The tear was more of a satisfying rrrrrip than a violent one.
*“Advanced Algebra 2: 2025-2026 Spring Midterm Review Exercises.” *The smell of fresh ink and desperate anxiety, which had been clinging to the paper for the past three hours, was now replaced by the clean, strong scent of revelation.
I stared at the two halves in my hands. On one, a gibberish incantation involving imaginary numbers and the complex conjugate of a complex polynomial function. On the other, a word problem about two trains leaving from Chicago, but this time they were traveling at relativistic speeds and one was also a boat. It was nonsense. A labyrinth built by Daedalus to trap the modern teenage mind, and I had just found the string.
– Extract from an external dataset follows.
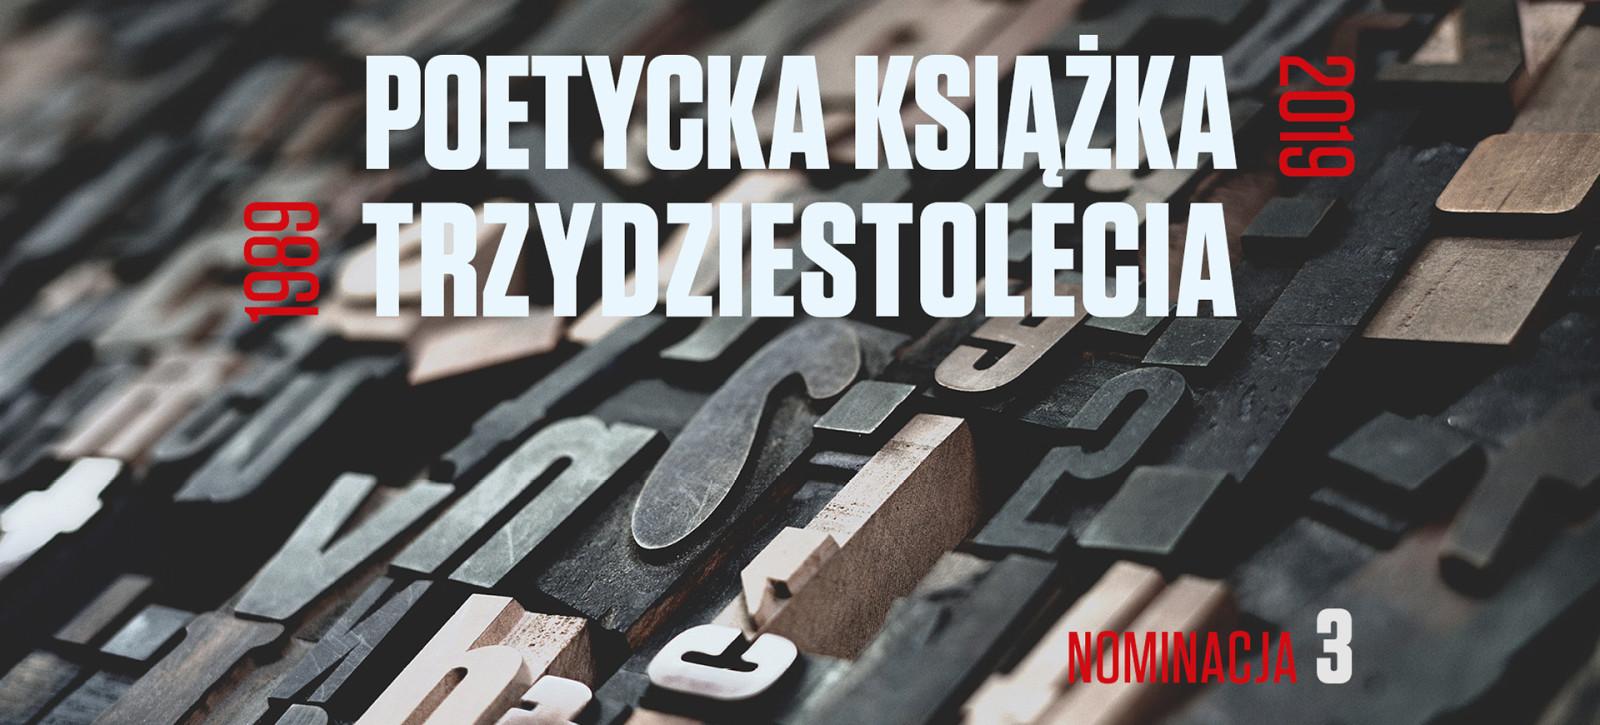 16_DEBATY__Przemysław_ROJEK__Poetycka książka trzydziestolecia

I stuffed the shredded remains of my future GPA into my backpack, right next to the uneaten apple that was, in its own way, a perfect, miniature model of the Hesperides. The connection, once fuzzy, a comforting thought, was now a blazing neon sign in my brain. It wasn't just that myths and biology were alike. They were the same thing. A perfect (and i.e. a deeply nerdy synthesis).
Think about it. AP Biology class: we learn about the desperate, primal urge of all life to replicate, to pass on its genetic code. ATCGTG. TAGCAC. Zeus wasn't a god; he was the personification of a dominant allele, a sky-father genetic imperative, inseminating everything in sight! Swans, showers of gold, mortal women, café food…..whatever - to ensure his lineage spread across the gene pool of Greece. (Which is kind of disgusting once you put it on a humanoid figure).
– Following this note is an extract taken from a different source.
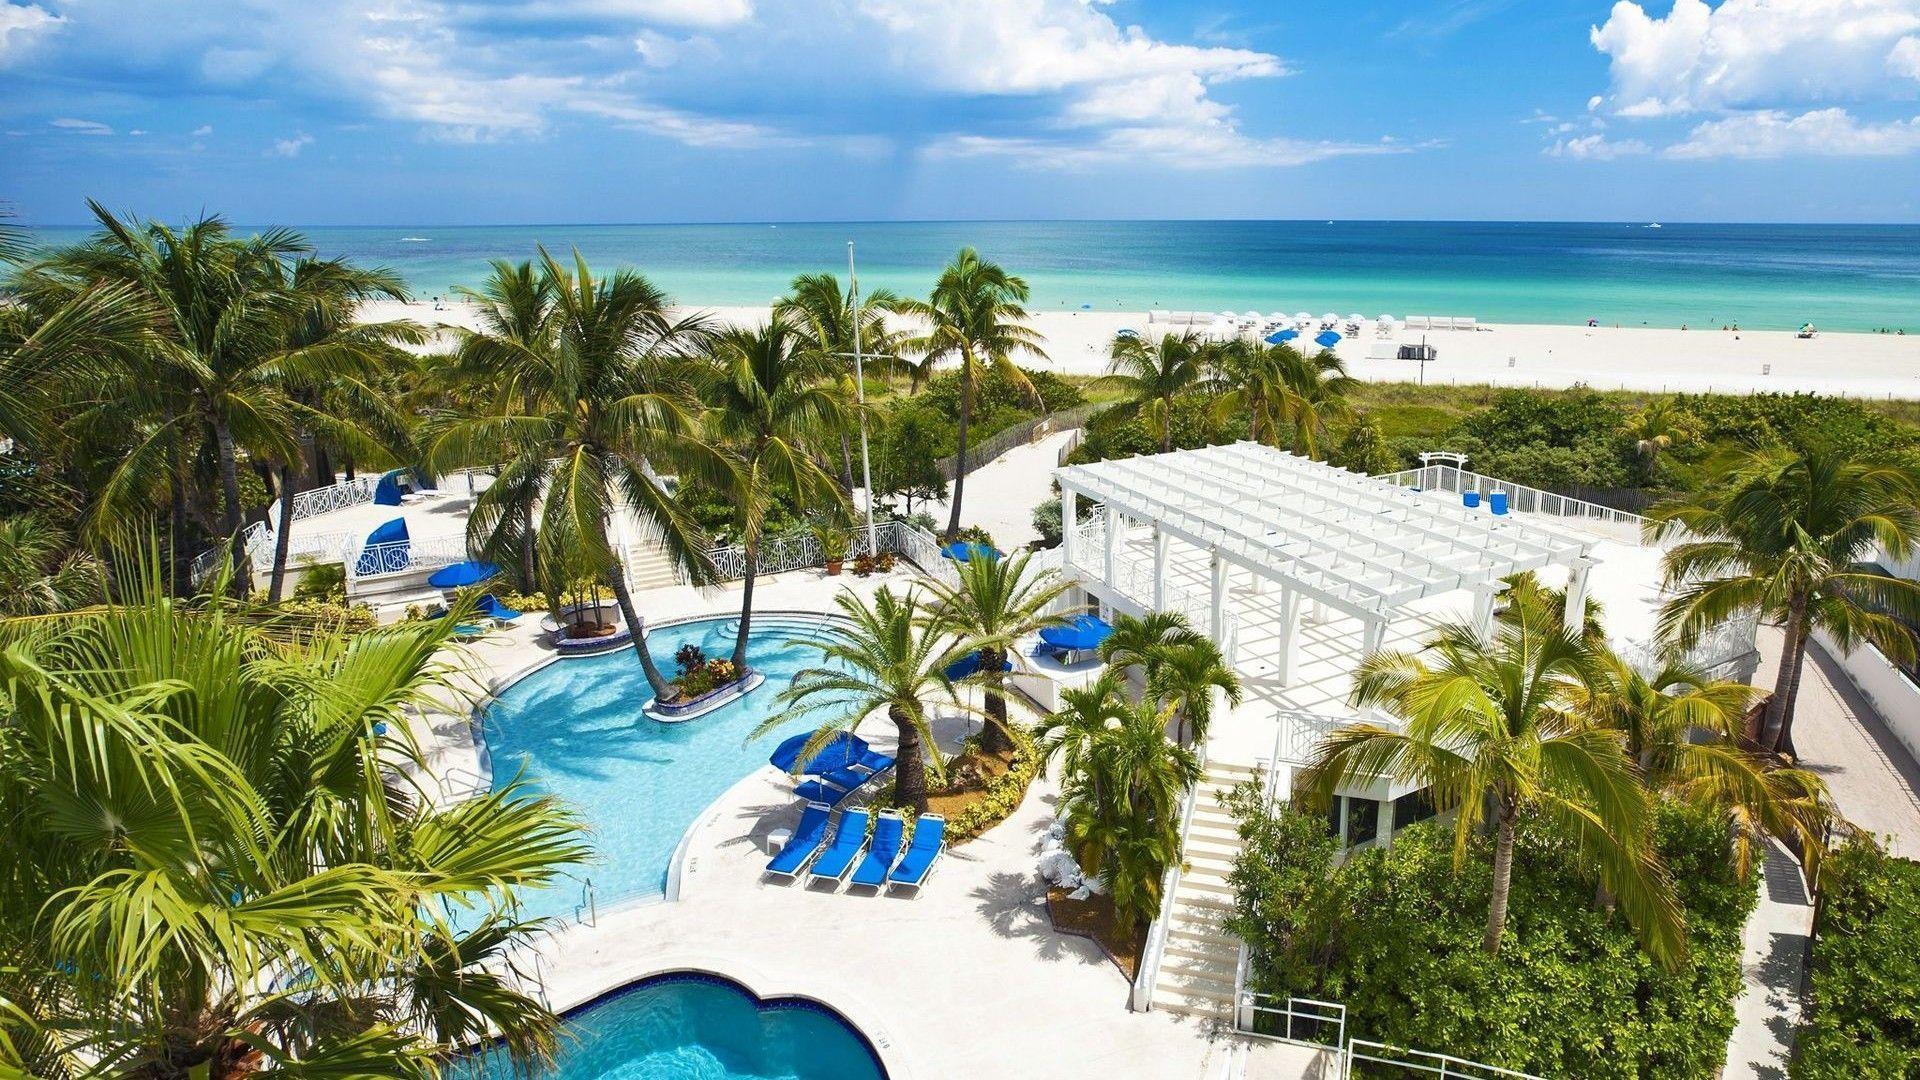 The Palms South Beach Miami

And my teacher, Mr. Harrison, droning on about quadratic formula derivations? That was Sisyphus. He was pushing the same boulder of algebraic proof up the same hill of student incomprehension, year after year, only for it to roll back down the moment the final bell rang. You could see it in his eyes. The same eternal look of futile struggle.
Even the mitochondria, the powerhouse of the cell, was clearly just Prometheus in disguise. Stolen fire (energy in the form of ATP) for the cellular cytoplasm, chained to the endoplasmic reticulum, with an eagle (maybe a lysosome) coming to nibble at its cristae every day. It was so obvious I wanted to slap myself. Why weren't we studying this? Why did I need to find the value of x when x was just a symbol for the unknown variable of my own existence?
The irony was a delicious taste on my tongue. Here I was, in the most least advanced math class my high school offered for tenth grade students, a class designed to separate the wheat from the chaff for college admissions, and I was having a full-blown mythological-scientific epiphany. My classmates were probably stuck on number 14, sweating over the trajectory of a hypothetical projectile, while I had just realized that the projectile was Icarus, and the sun that melted his wings was the very real, very hot sun of growing up and being asked to solve for his own damn trajectory.
I pulled a pen from my pocket. On the cover of my now-useless binder, right next to the inspirational quote about perseverance that Mr. Harrison had printed out, I wrote in bold letters:
Life, the Universe, and Everything: A Bio-Greco Treatise
Chapter 1: The Krebs Cycle as a Retelling of the Twelve Labors of Hercules (It's exhausting, circular, and you have to deal with a lot of ox-stuff).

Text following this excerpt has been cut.